Question

There are 3 boxes each containing 3 red and 5 green balls. Also, there are 2 boxes each containing 4 red and 2 green balls. A green ball is selected at random. Find the probability that this green ball is from a box of the first group.

• A. $\frac{54}{61}$
• B. $\frac{45}{61}$
• C. $\frac{8}{31}$
• D. None of these

Answer 1

The correct option is B $\frac{45}{61}$

Let $E_1,E_2$ and A be the events defined as follows:
$E_1$=selecting a box from the first group
$E_2$=selecting a box from the second group and
A=ball drawn is green
Since there are 5 boxes out of which 3 boxes belong to the first group and 2 boxes belong to the second group. Therefore,
$P\left(E_1\right)=\frac{3}{5},P\left(E_2\right)=\frac{2}{5}$
If $E_1$ has already occurred, then a box from the first group is chosen.
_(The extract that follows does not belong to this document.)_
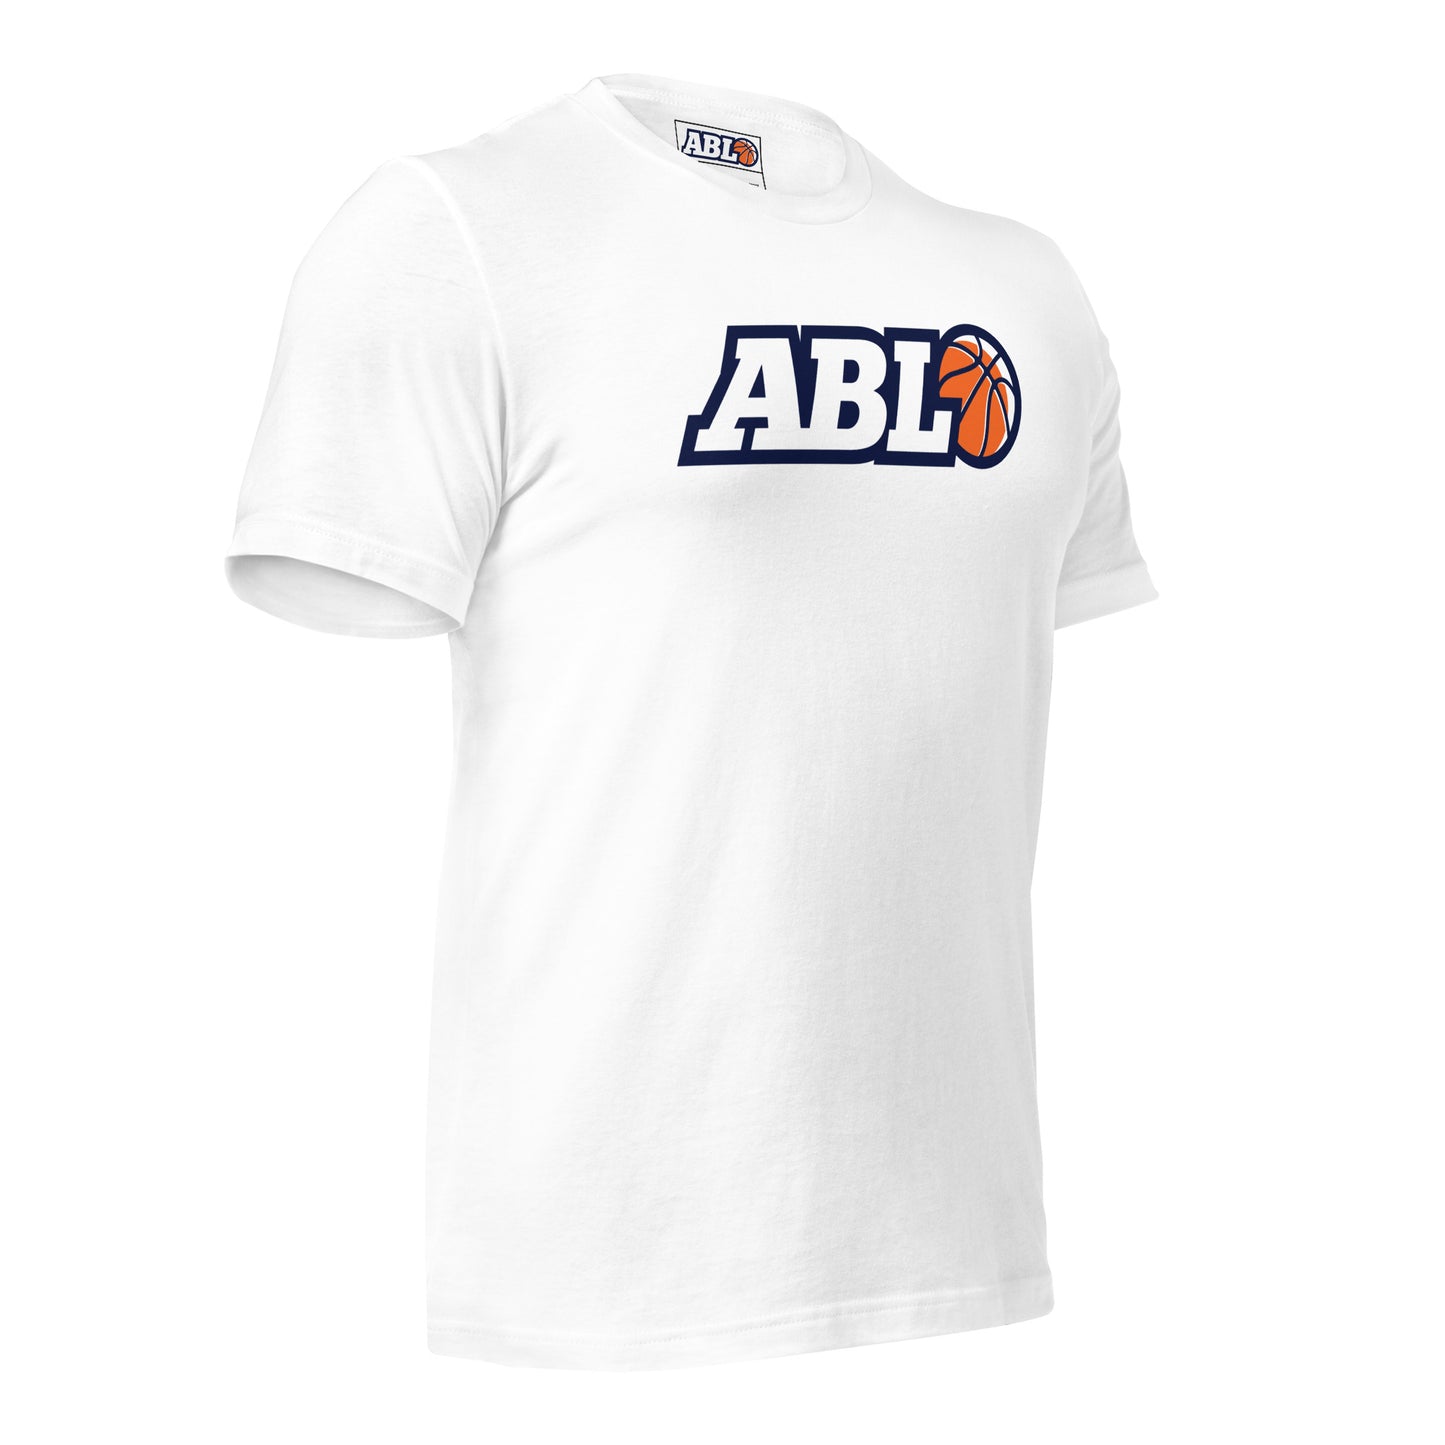 ABL Unisex t-shirt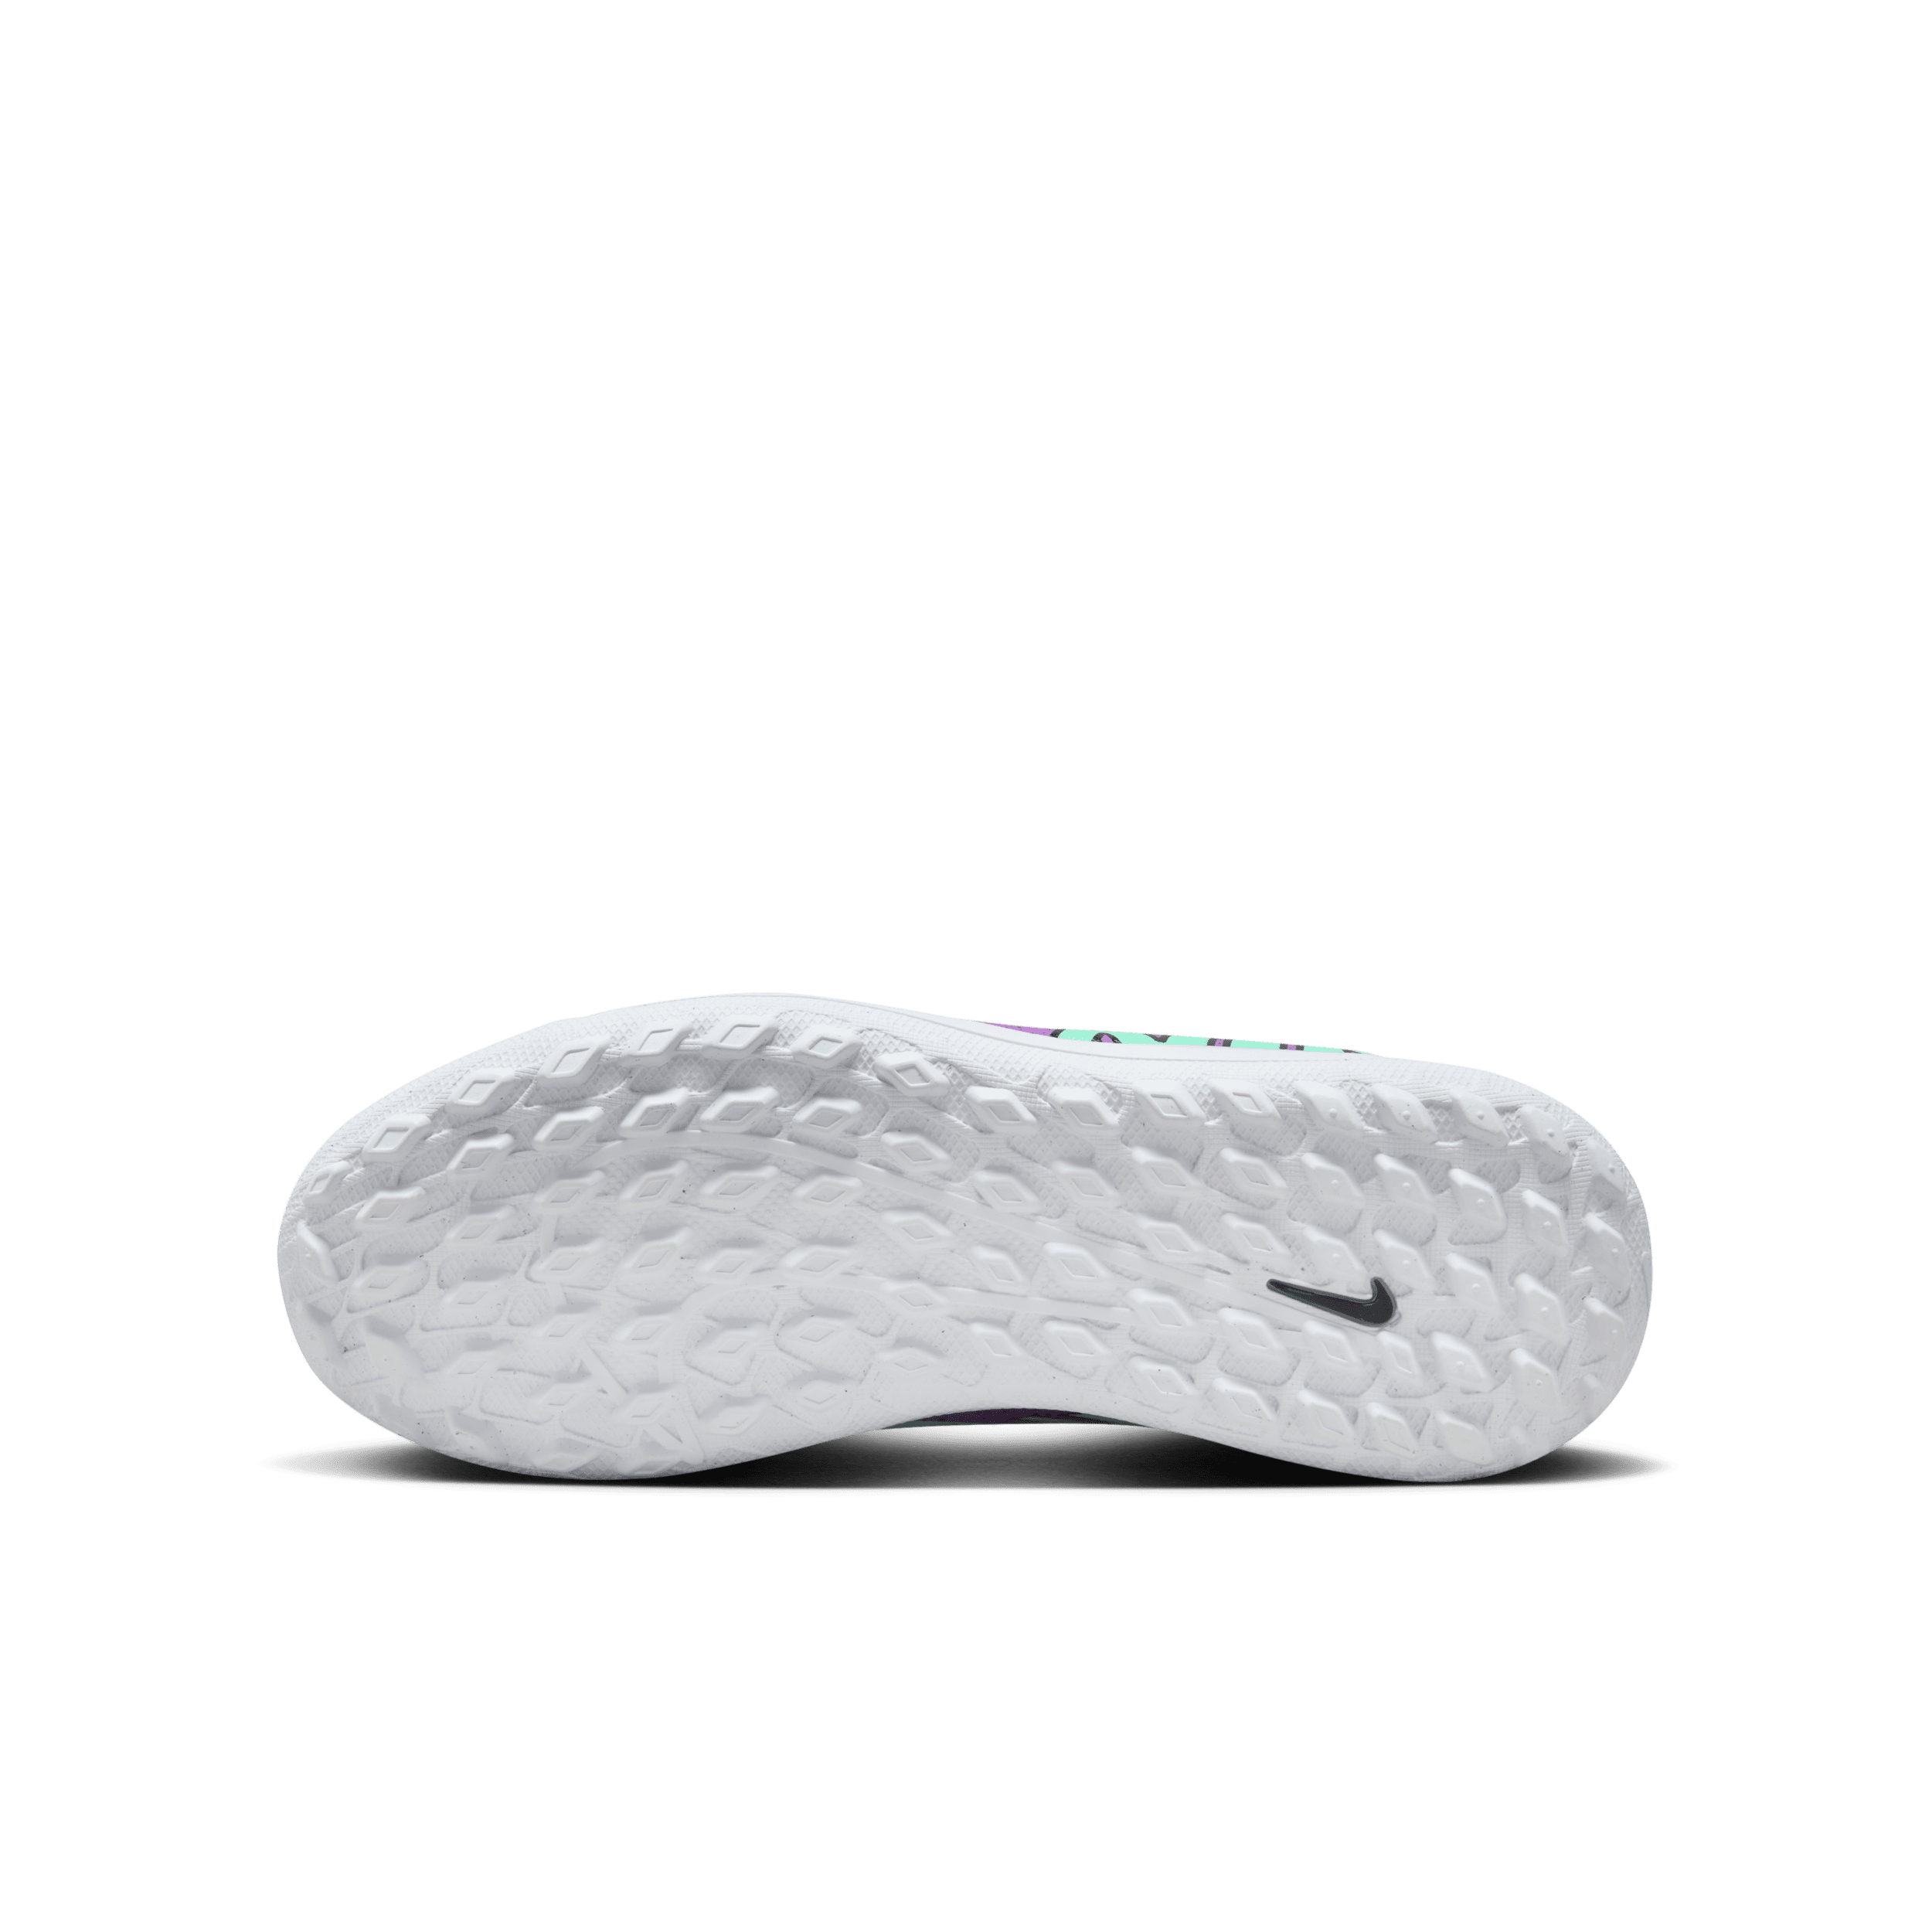 Nike Jr. Mercurial Vapor 15 Club low top voetbalschoenen voor kleuters kids (turf) Groen

The box chosen contains 5 green balls and 3 red balls.
Therefore the probability of drawing a green ball from it is $\frac{5}{8}$.
So, $P\left(\frac{A}{E_1}\right)=\frac{5}{8}$
Similarly, $P\left(\frac{A}{E_2}\right)=\frac{2}{6}=\frac{1}{3}$
Now, we have to find $P\left(\frac{E_1}{A}\right)$
By Baye's rule, we have
$P\left(\frac{E_1}{A}\right)=\frac{P\left(E_1\right)P\left(\frac{A}{E_1}\right)}{P\left(E_1\right)P\left(\frac{A}{E_1}\right)+P\left(E_2\right)P\left(\frac{A}{E_2}\right)}$
$=\frac{\frac{3}{5}\times \frac{5}{8}}{\frac{3}{5}\times \frac{5}{8}+\frac{2}{5}\times \frac{1}{3}}=\frac{45}{61}$